■ Provided material
::::::
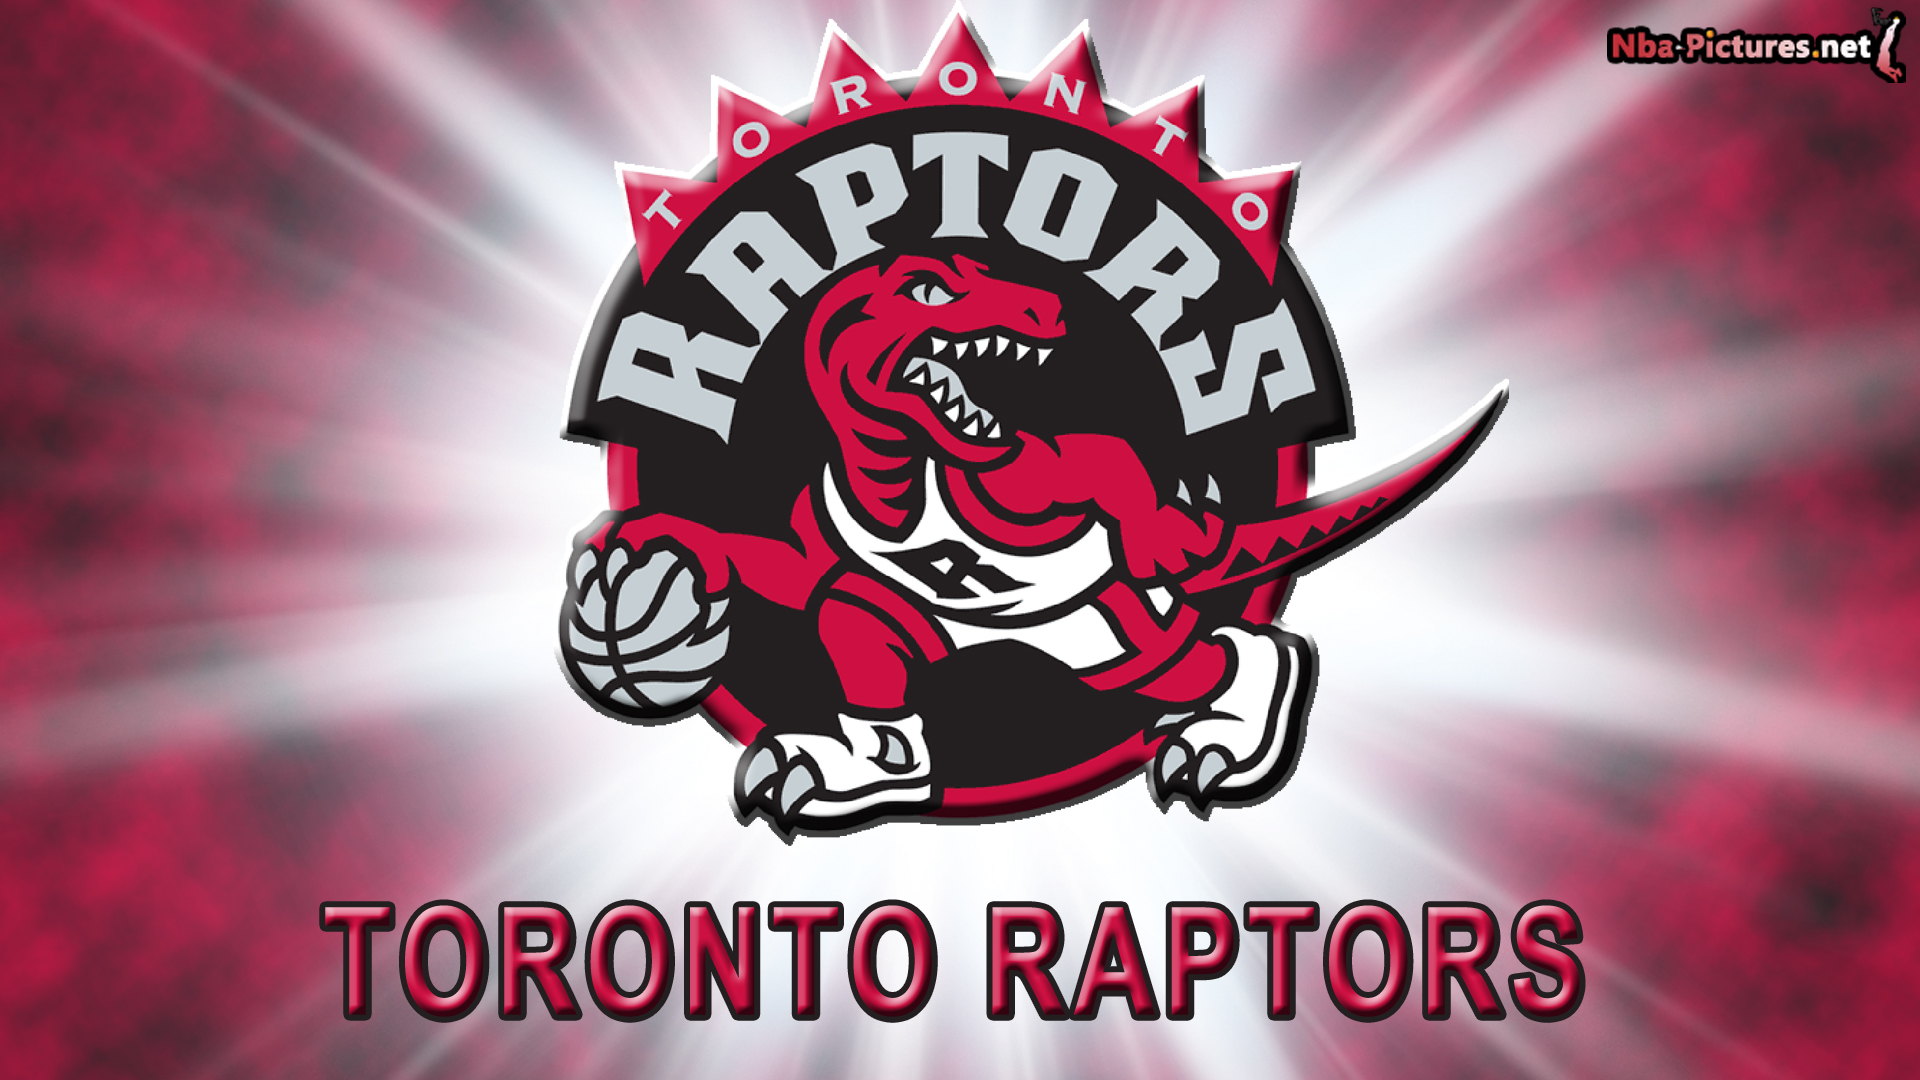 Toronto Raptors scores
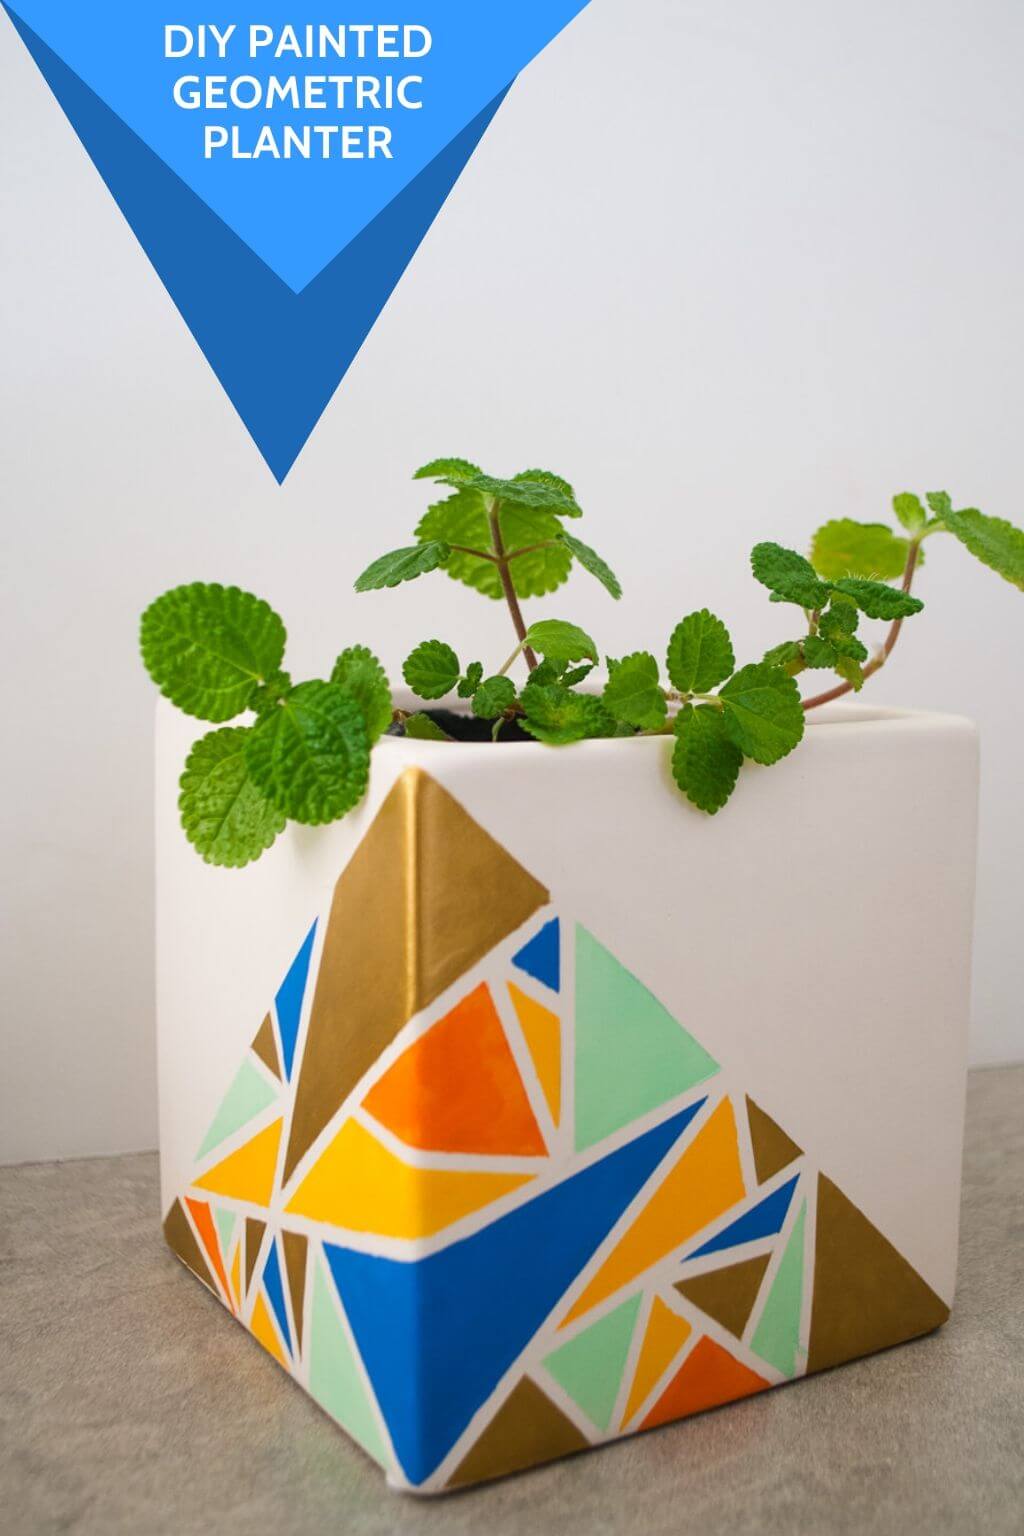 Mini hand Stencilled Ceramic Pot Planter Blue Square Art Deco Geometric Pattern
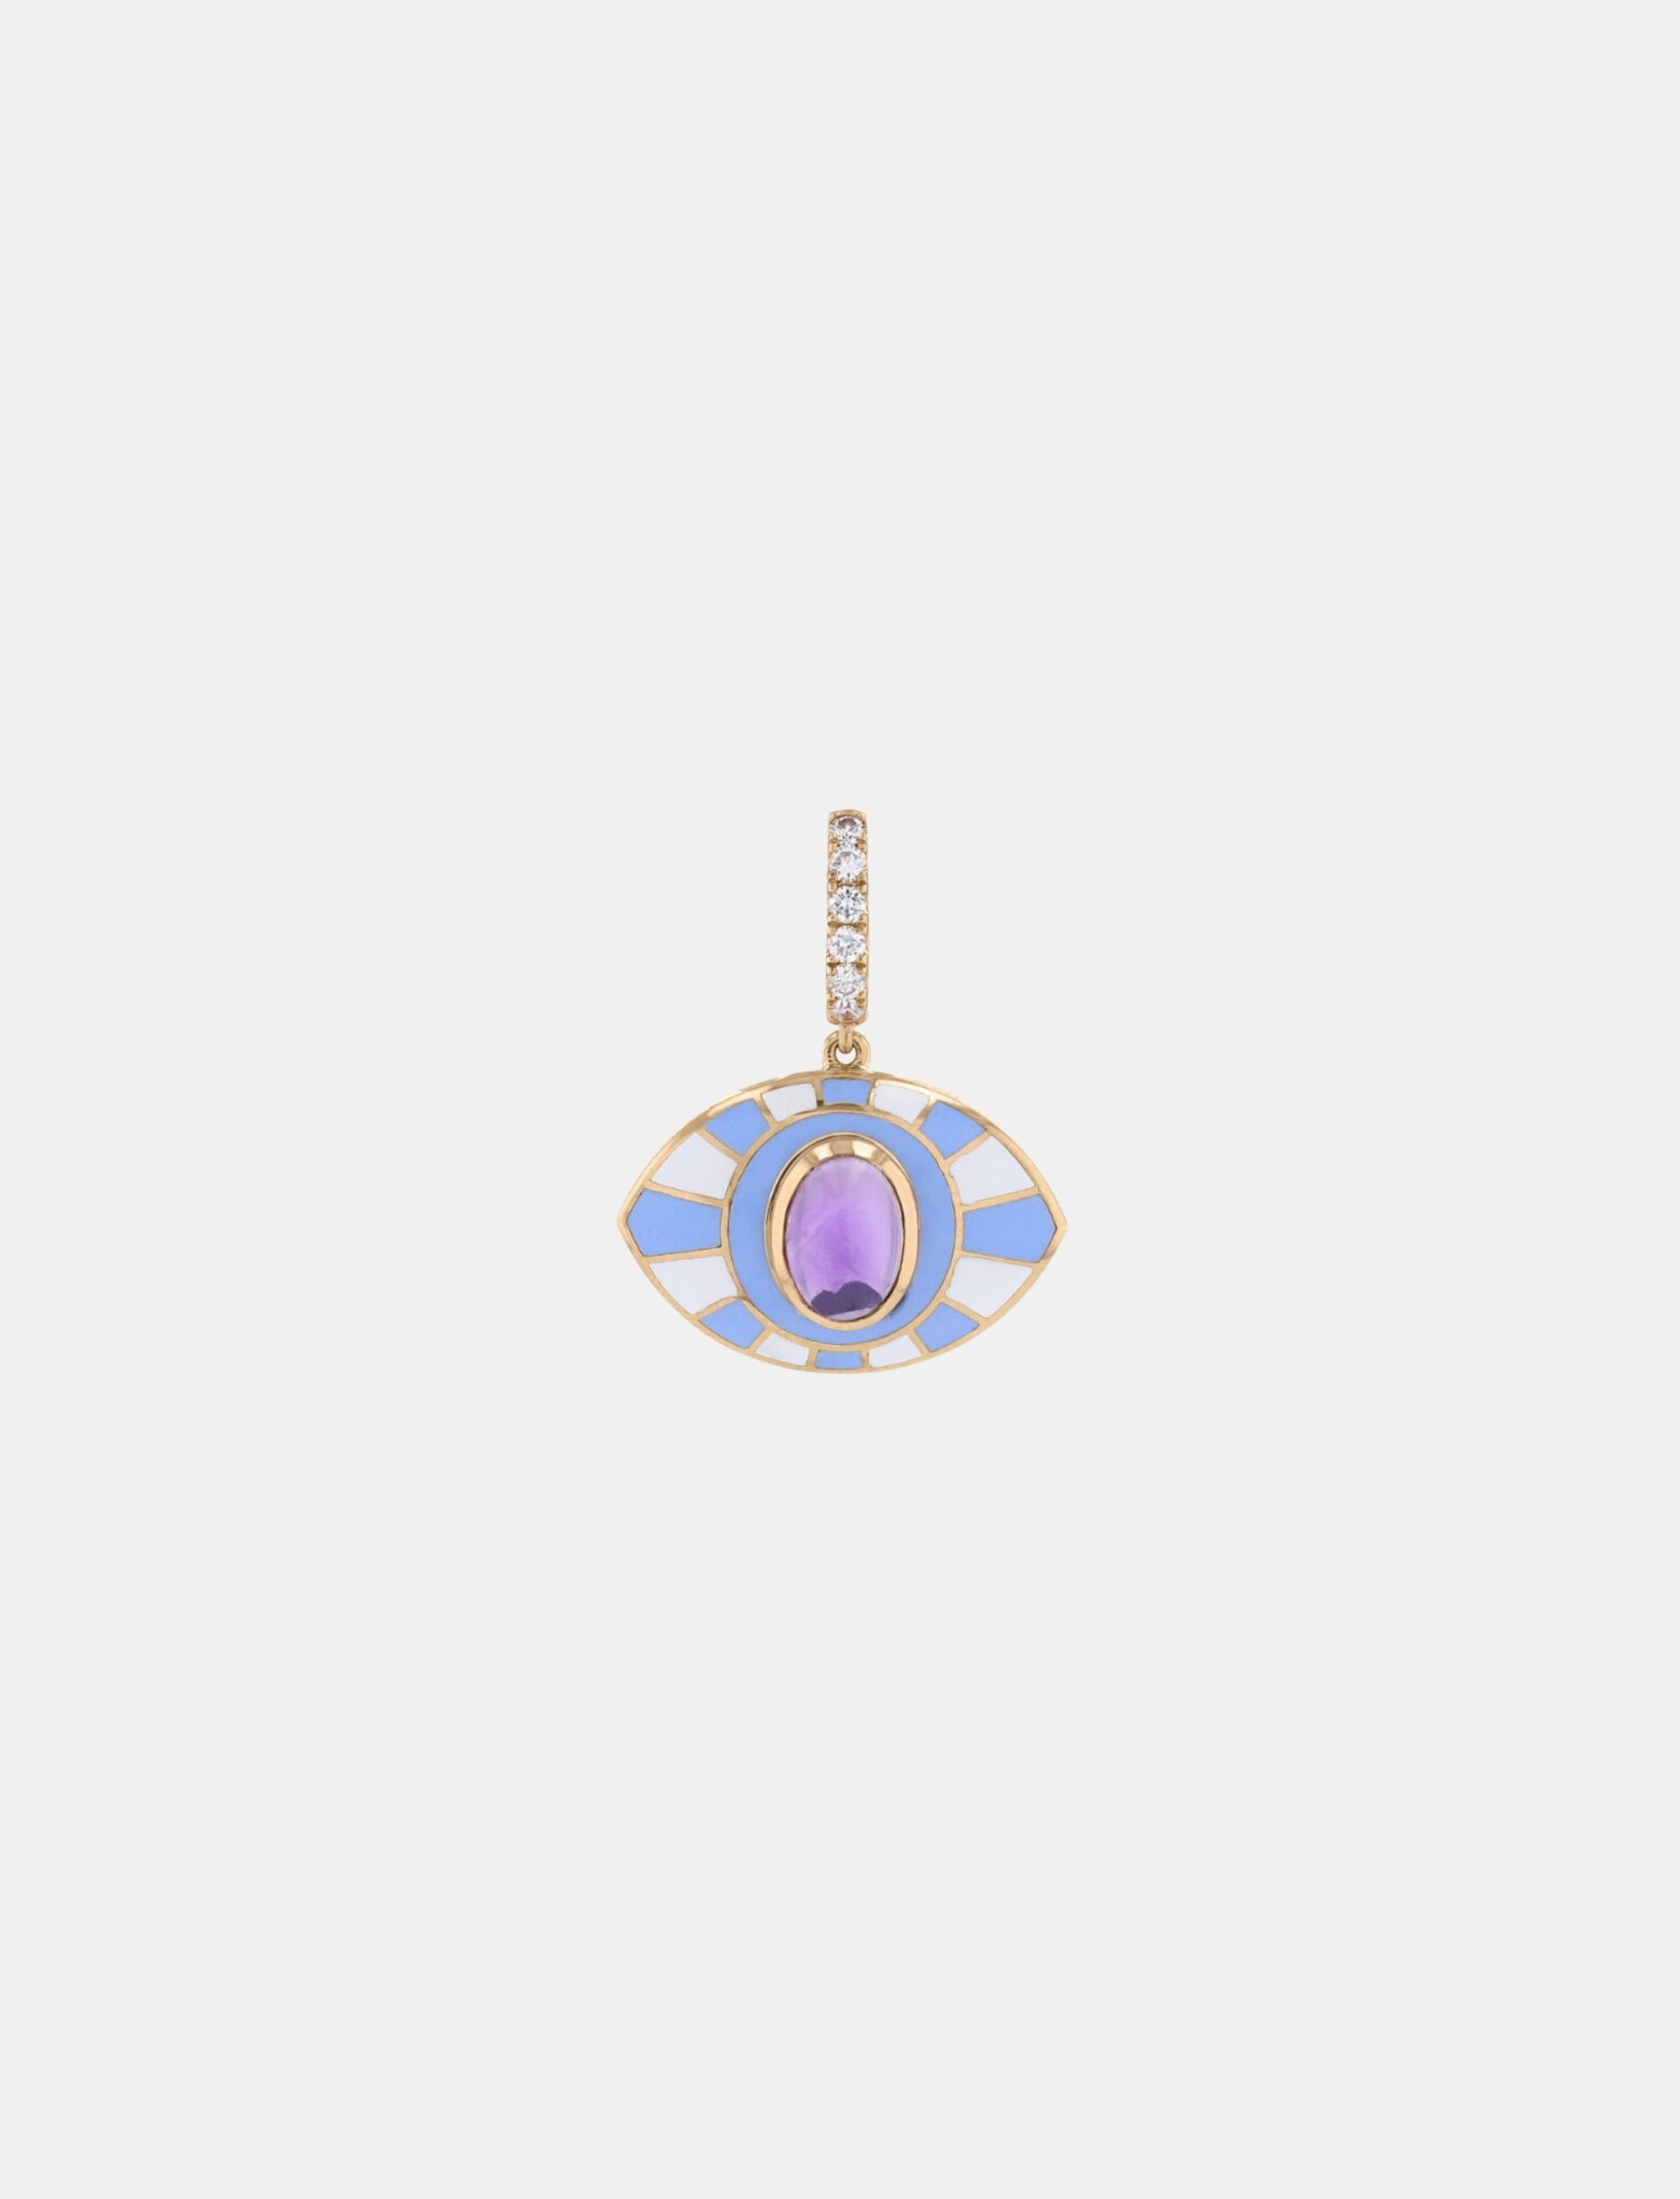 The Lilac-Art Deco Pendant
::::::
■ What this task involves
The result should be the same data as above, line for line, with the pictures gone.

■ Answer space
 Toronto Raptors scores
 Mini hand Stencilled Ceramic Pot Planter Blue Square Art Deco Geometric Pattern
 The Lilac-Art Deco Pendant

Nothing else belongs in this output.